Are There Treatments for Hyperacusis?

Man troubled by bothersome noises holding hands over his ears to block them out.

One way your body offers information to you is through pain response. It’s an effective strategy though not a really pleasant one. When your ears begin to feel the pain of a very loud megaphone next to you, you know damage is taking place and you can take measures to move further away or at least cover your ears.

But, in spite of their marginal volume, 8-10% of people will feel pain from low volume sounds too. Hearing specialists refer to this condition as hyperacusis. This is the medical label for overly sensitive ears. There’s no cure for hyperacusis, but there are treatments that can help you get a handle on your symptoms.

Elevated sensitivity to sound

Hyperacusis is a hypersensitivity to sound. Most of the time sounds in a specific frequency cause episodes of hyperacusis for people who suffer from it. Quiet noises will frequently sound extremely loud. And noises that are loud seem a lot louder than they are.

nobody’s really sure what causes hyperacusis, although it’s frequently linked to tinnitus or other hearing issues (and, in some situations, neurological issues). There’s a noticeable degree of individual variability when it comes to the symptoms, severity, and treatment of hyperacusis.

What kind of response is normal for hyperacusis?

In most cases, hyperacusis will look and feel something like this:

  • After you hear the initial sound, you could experience pain and hear buzzing for days or even weeks.
  • Balance problems and dizziness can also be experienced.
  • The louder the sound is, the more powerful your response and discomfort will be.
  • Everyone else will think a certain sound is quiet but it will sound very loud to you.

Hyperacusis treatment treatment

When you have hyperacusis the world can be a minefield, especially when your ears are extremely sensitive to a wide assortment of frequencies. You never know when a lovely night out will suddenly turn into an audio onslaught that will leave you with ringing ears and a three-day migraine.

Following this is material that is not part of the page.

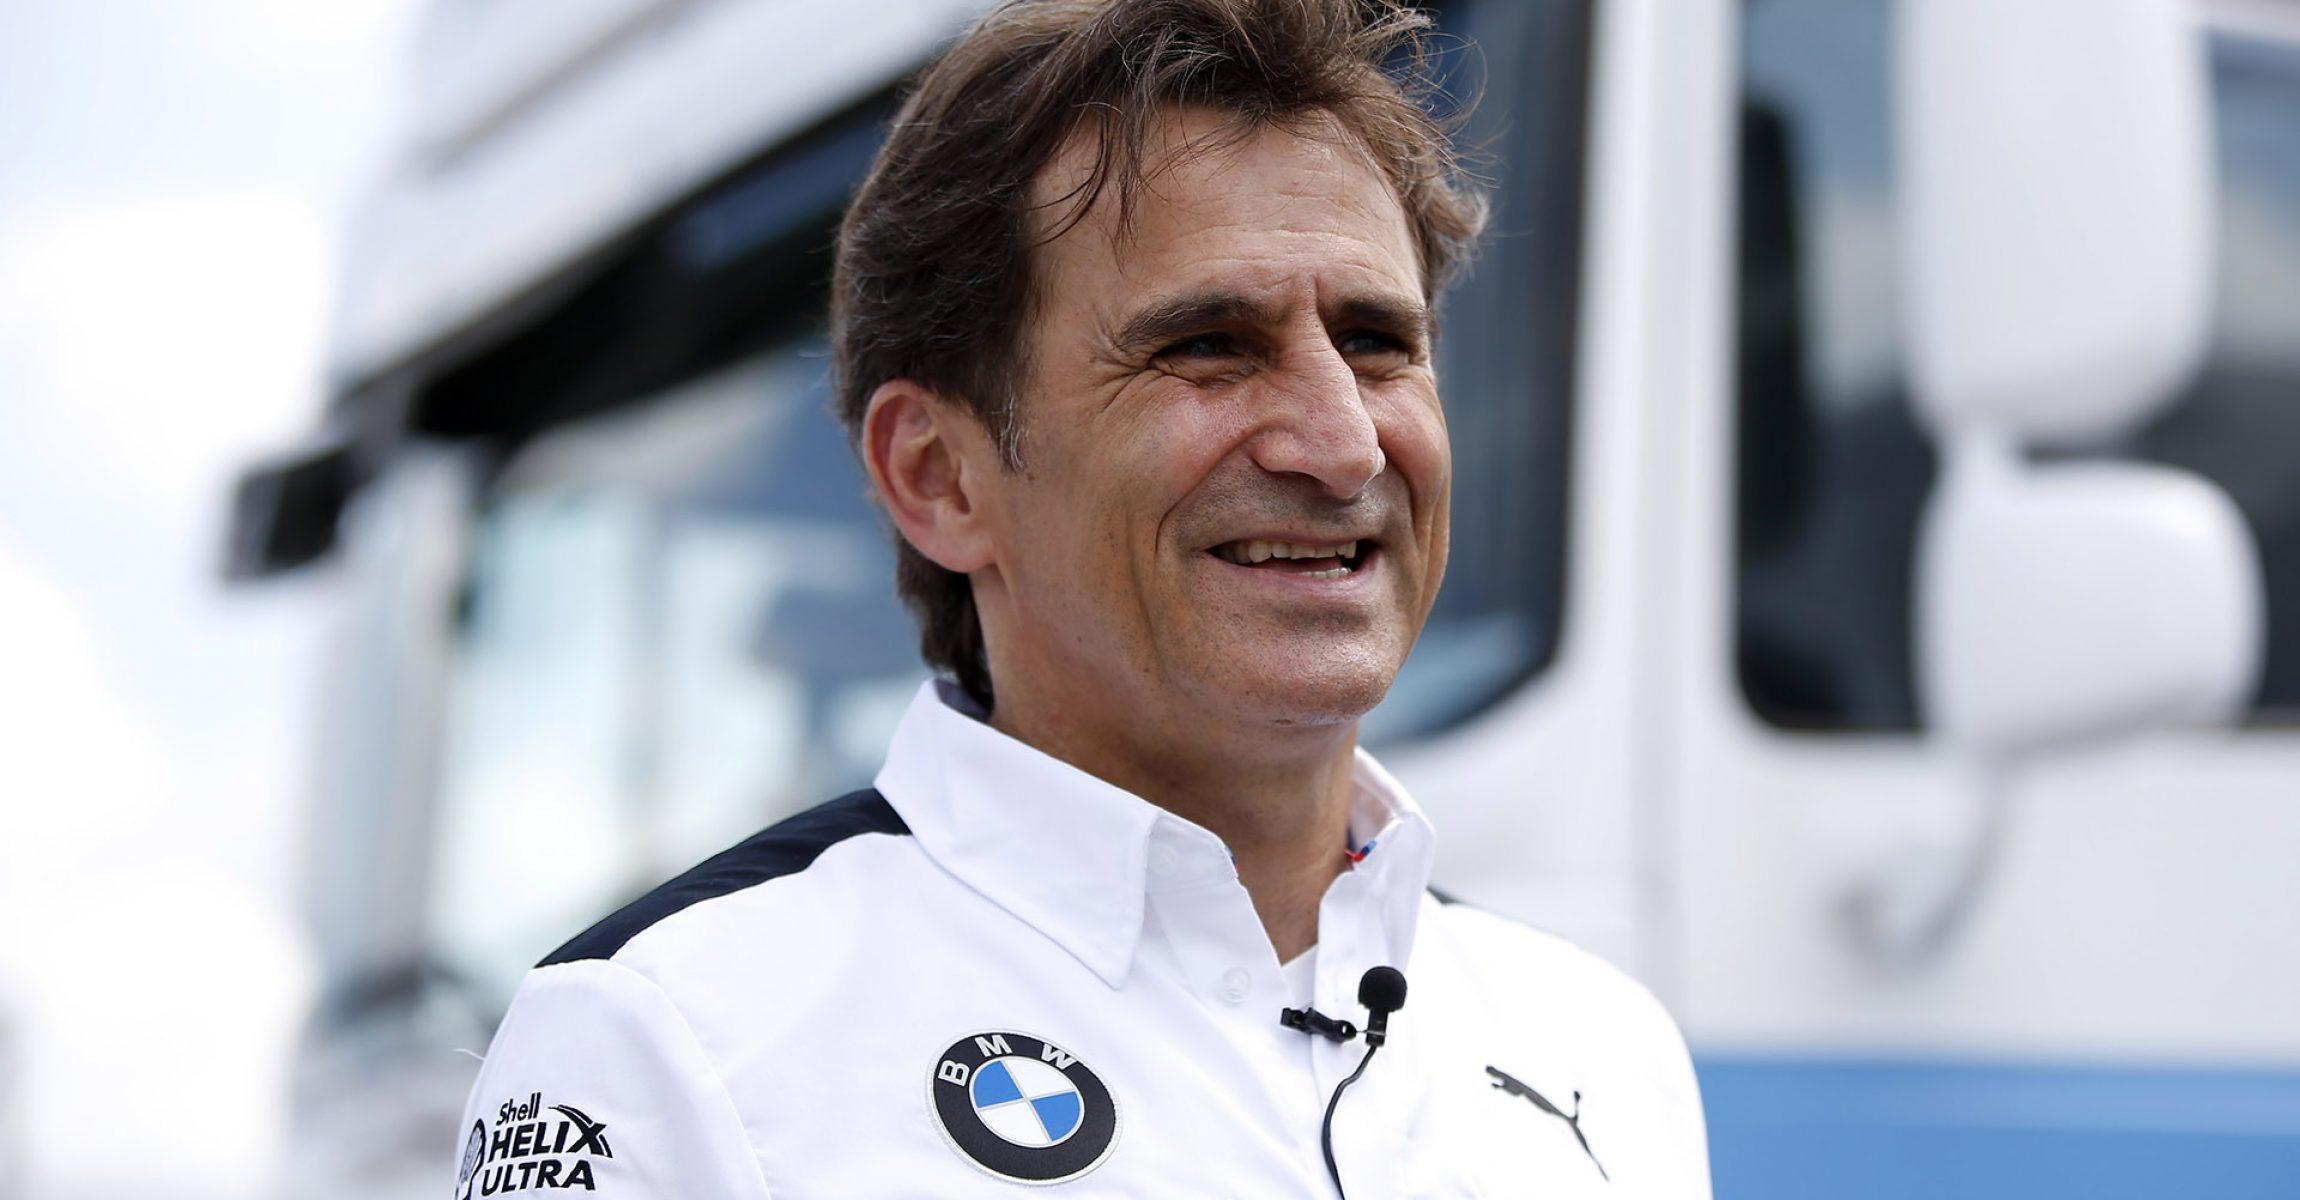 Hungaroring (HUN) 1st June 2018. BMW M Motorsport, DTM, Round 3, Alessandro Zanardi (ITA), BMW works driver and BMW brand ambassador

That’s why treatment is so crucial. You’ll want to come in and speak with us about which treatments will be most up your alley (this all tends to be quite variable). Here are some of the most prevalent options:

Masking devices

One of the most commonly implemented treatments for hyperacusis is something called a masking device. This is a device that can cancel out specific wavelengths. So those offending frequencies can be eliminated before they reach your ears. If you can’t hear the triggering sound, you won’t have a hyperacusis attack.


Earplugs are a less sophisticated play on the same general approach: if all sound is stopped, there’s no chance of a hyperacusis episode. There are certainly some disadvantages to this low tech approach. There’s some evidence to suggest that, over time, the earplugs can throw your hearing ecosystem even further off and make your hyperacusis worse. Consult us if you’re considering using earplugs.

Ear retraining

An strategy, called ear retraining therapy, is one of the most comprehensive hyperacusis treatments. You’ll attempt to change how you react to certain kinds of sounds by utilizing physical therapy, emotional counseling, and a combination of devices. The idea is that you can train yourself to ignore sounds (rather like with tinnitus). Normally, this approach has a good success rate but depends heavily on your dedication to the process.

Approaches that are less prevalent

Less common strategies, including ear tubes or medication, are also utilized to manage hyperacusis. Both of these approaches have met with only mixed results, so they aren’t as frequently utilized (it’ll depend on the individual and the specialist).

A big difference can come from treatment

Depending on how you experience your symptoms, which vary from person to person, a specialized treatment plan can be created. There’s no one best approach to managing hyperacusis, it really depends on finding the best treatment for you.

The site information is for educational and informational purposes only and does not constitute medical advice. To receive personalized advice or treatment, schedule an appointment.